Александр решил, что этот концерт сыграл плохо. Играя, он не ощущал привычного
слияния себя и инструмента в единое целое, которое необходимо для виртуозного
исполнения. Александру не давали покоя мысли о всхлипывающей трубке. Ох, мама,
мама. Занавес опустился. Концертный зал имени С. Прокофьева рукоплескал. Пианист
тяжело вздохнул и пошел, как подобает, к публике. Она хлопала стоя. Здесь, как нигде ,
прослеживалось явное расслоение общества. На лучших местах богатые, сверкающие
драгоценностями, люди, а дальше народ победнее и попроще, но зато сколько восторга в
его глазах. Глядя именно в эти глаза, Александр улыбнулся, наверное, все - таки сносно
сыграл.
Он терпеливо дождался конца банкета, устроенного в его честь, и сославшись на
усталость, поехал в отель. По дороге Александр спросил шофера:
- Анатолий Петрович, а как мне добраться до Ханжонково?

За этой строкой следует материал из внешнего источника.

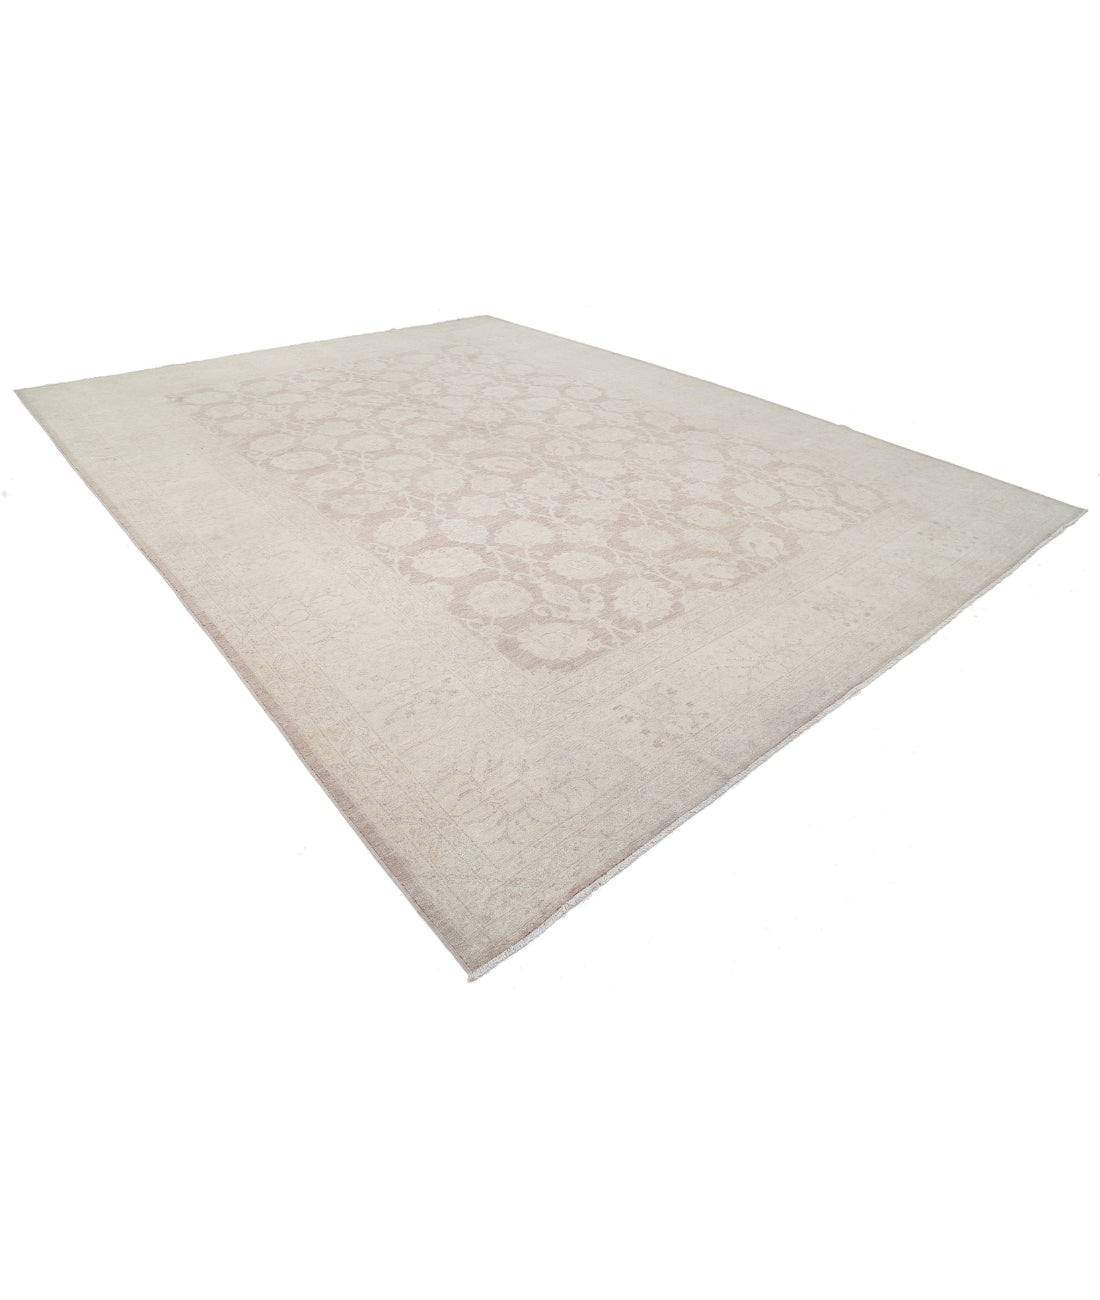 Hand Knotted Serenity Wool Rug - 11'6'' x 14'11'' 11'6'' x 14'11'' (345 X 448) / Taupe / Ivory

Водитель, привыкший скрывать свои эмоции от именитых пассажиров, на этот раз не
выдержал и с откровенным недоумением переспросил:
- Ханжонково?
- Да.
Сухо ответил пианист.
- Можно добраться по железной дороге, но вас я могу отвезти на машине. Зачем вам
париться в вонючей электричке.
- Нет, спасибо, я поеду электричкой.
Странно нажимая на последнем слове, твердо ответил Александр.- Ну и чудак этот
русский немец, предлагаешь, как л учше, а он отказывается, наверное, не представляет
себе, как это телепаться по нашей железной дороге больше часа.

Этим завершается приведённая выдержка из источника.